The model supports a massive 128k token context window, allowing you to pass entire code repositories, long financial documents, or extensive multi-turn conversation histories in a single prompt. Because it operates on our Standard tier in the eu-north1 region, it is optimized for high-capability tasks requiring maximum precision rather than pure speed.
To calculate costs, consider a typical agentic workflow: analyzing a 10,000-token document and generating a 2,000-token structured JSON report (including reasoning tokens). At $1.00 per million input tokens and $3.00 per million output tokens, this request would cost $0.01 for the input and $0.06 for the output, totaling $0.07 per execution.
If you are using the hybrid reasoning capabilities, we strongly recommend enabling streaming (stream=True in the OpenAI SDK). Because the model generates extensive <think> tokens before producing the final answer, streaming prevents your application from timing out and provides immediate feedback to the user while the model deliberates. You can parse the stream on the client side to hide the <think> tags from the end user while still benefiting from the model's enhanced logical reasoning.

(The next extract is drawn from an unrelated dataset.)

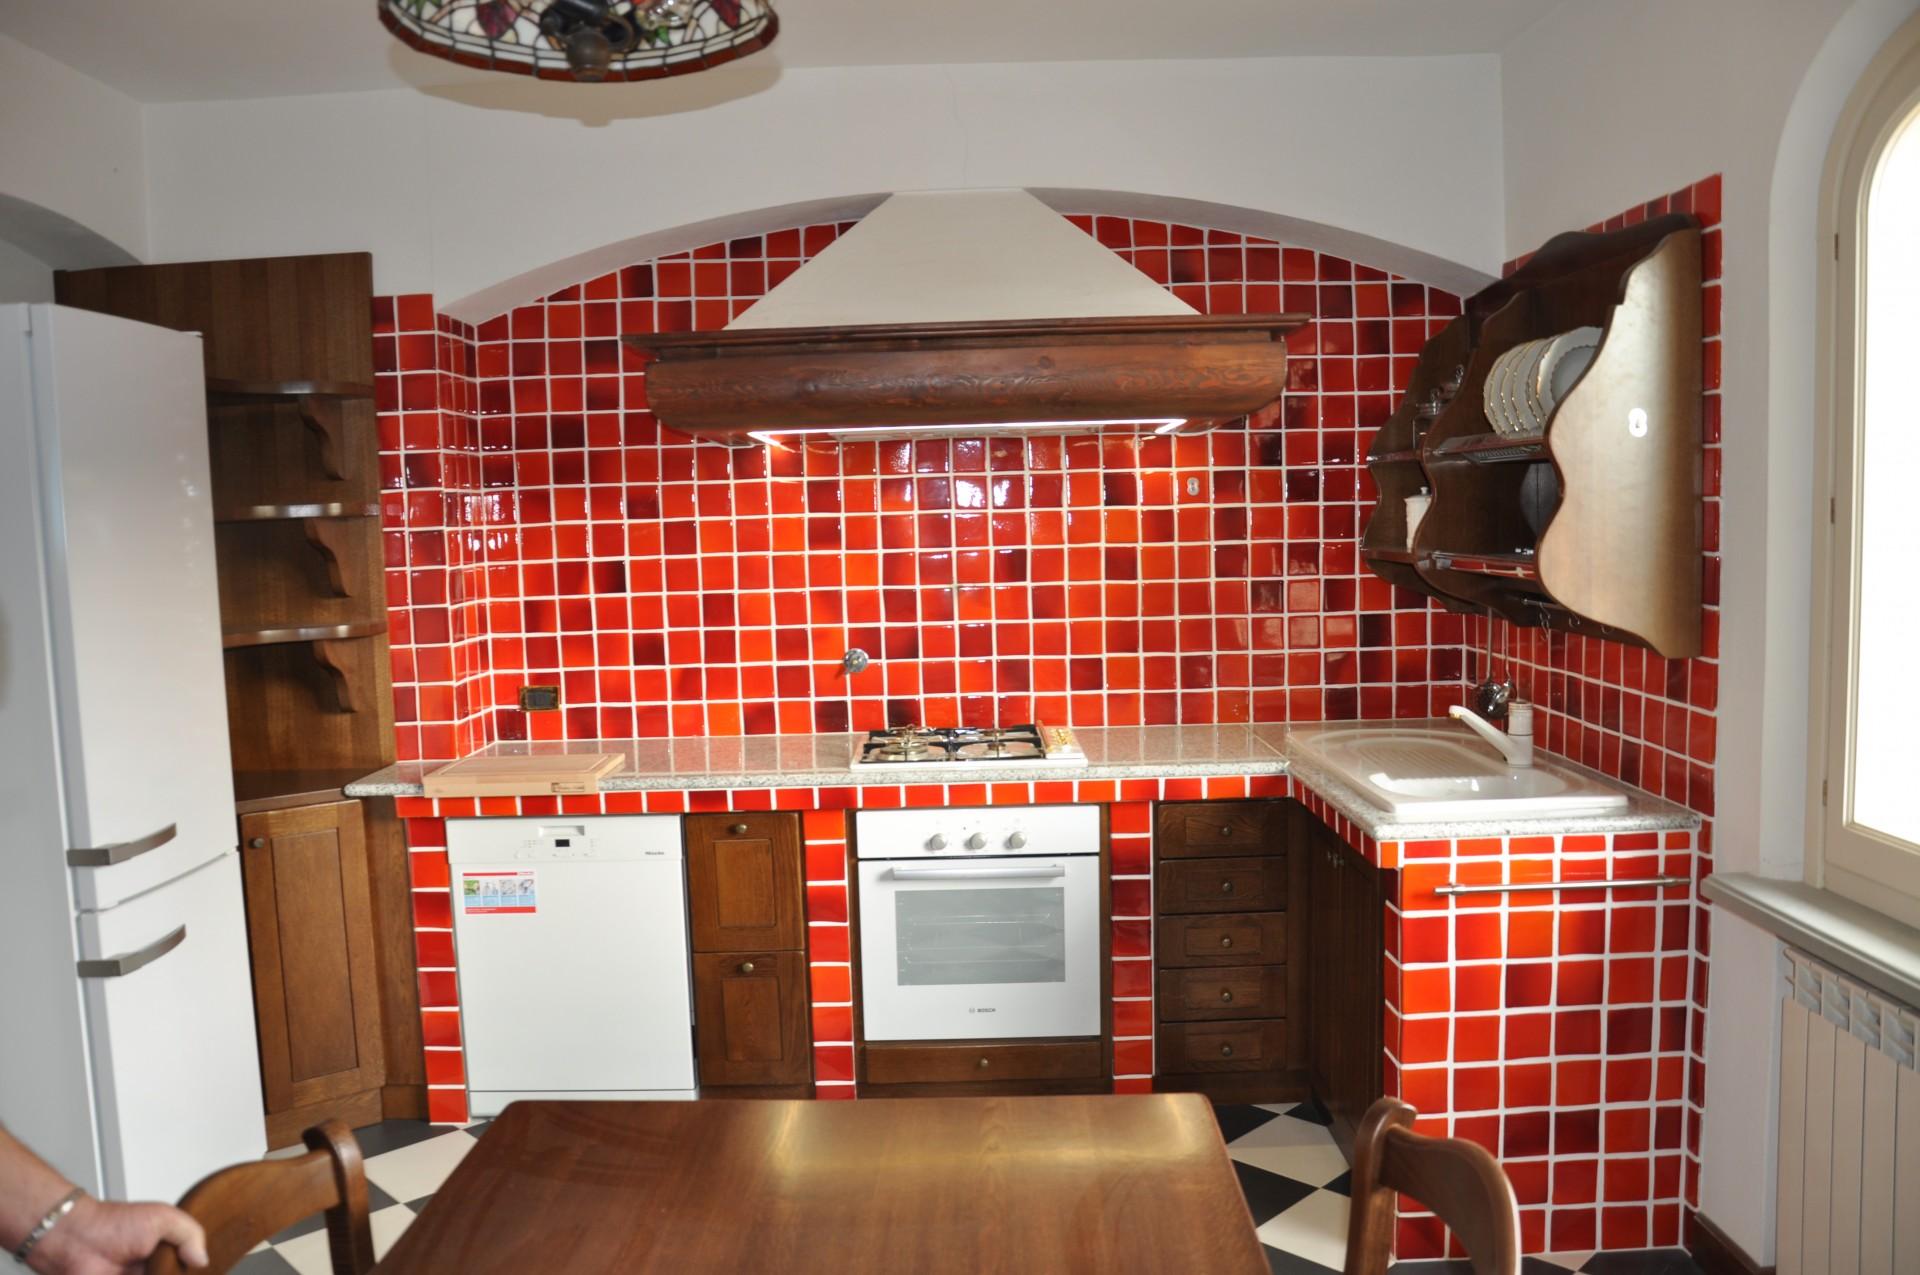 Cucine In Muratura Con Isola Centrale. Roma Cucine Ernestomeda ...

Running Hermes-4-405B on EU-sovereign infrastructure
Why run Hermes-4-405B on Lyceum
For European enterprises and AI startups, data privacy is often the primary blocker to adopting frontier models. While US-based providers offer similar APIs, they route data outside the EU, creating significant GDPR and compliance risks. Non-EU hosting is frequently a deal-breaker for teams handling sensitive healthcare, financial, or proprietary manufacturing data.

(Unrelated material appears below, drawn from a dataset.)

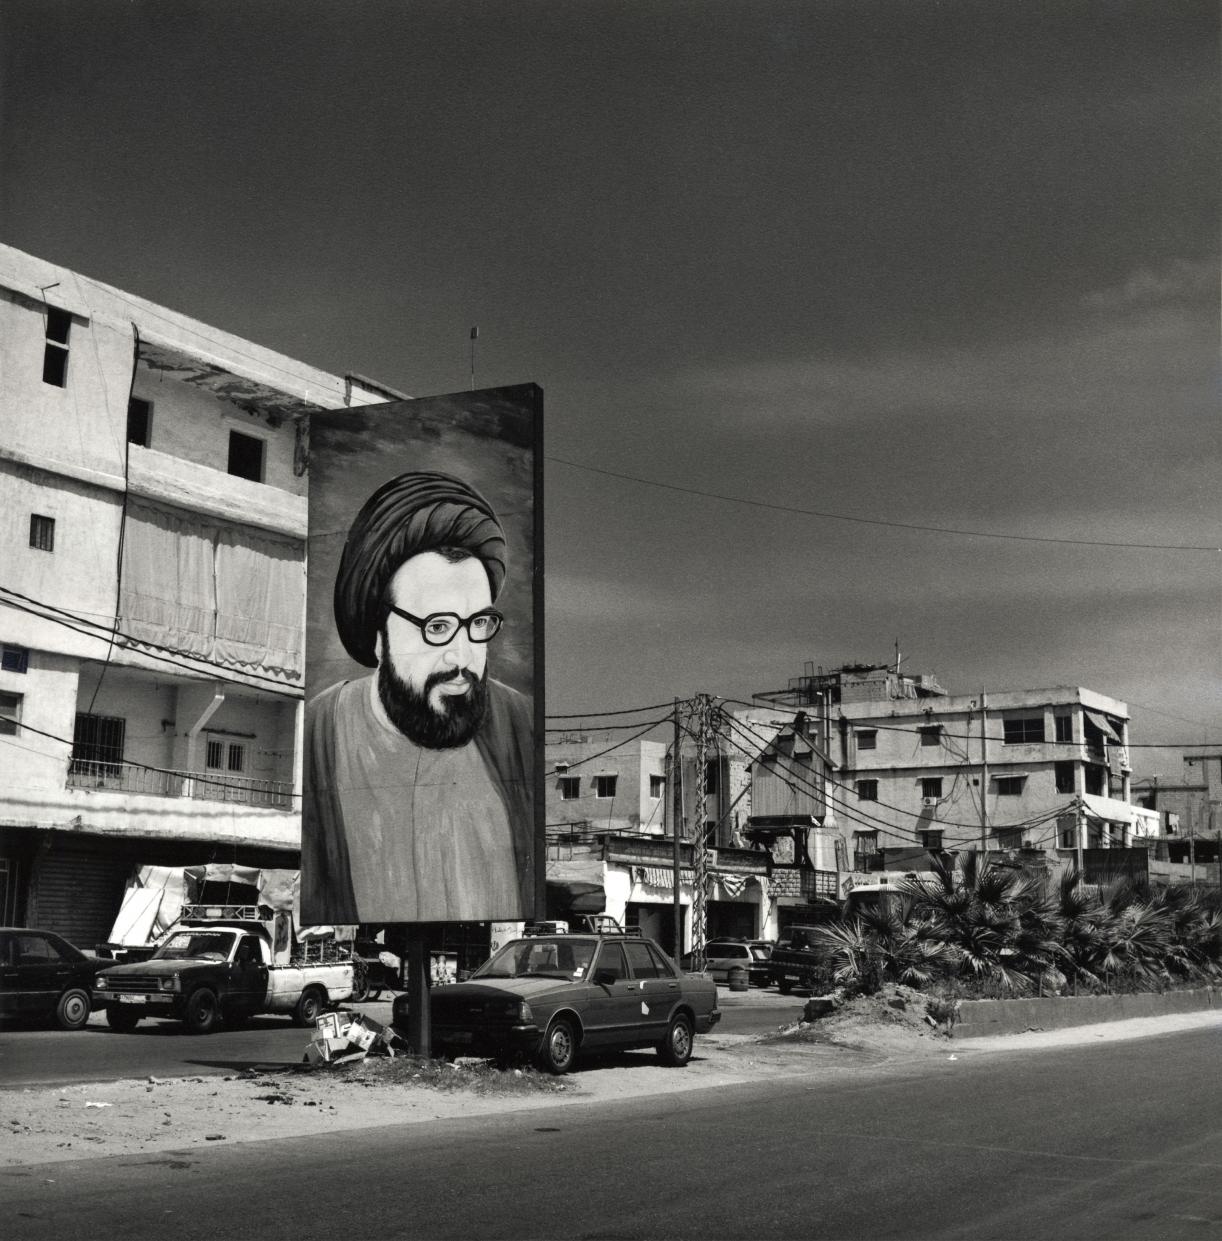 Balthasar Burkhard, Dahieh I - Beirut, 2006, Vintage silver print, 47 x 44 cm, Unique

Lyceum Technology solves this by hosting Hermes-4-405B on EU-sovereign infrastructure. When you query the model via our API, your data is processed exclusively in our eu-north1 data centers. We own our GPU infrastructure, which allows us to maintain strict security boundaries and offer a clear path to GDPR, AI Act, and ISO 27001 compliance, something providers renting from hyperscalers struggle to guarantee.
Furthermore, our open-stack transparency means you avoid vendor lock-in. Because we use an OpenAI-compatible API, migrating your existing applications to Lyceum takes minutes. You get the reasoning power of a 405-billion parameter model, the cost-efficiency of per-token billing, and the legal certainty of European data residency, all without managing a single GPU.
By leveraging our serverless inference platform, you eliminate the need to provision expensive 8x H100 clusters. You simply pay for the tokens you use, scaling from zero to peak demand while keeping your data securely within Europe.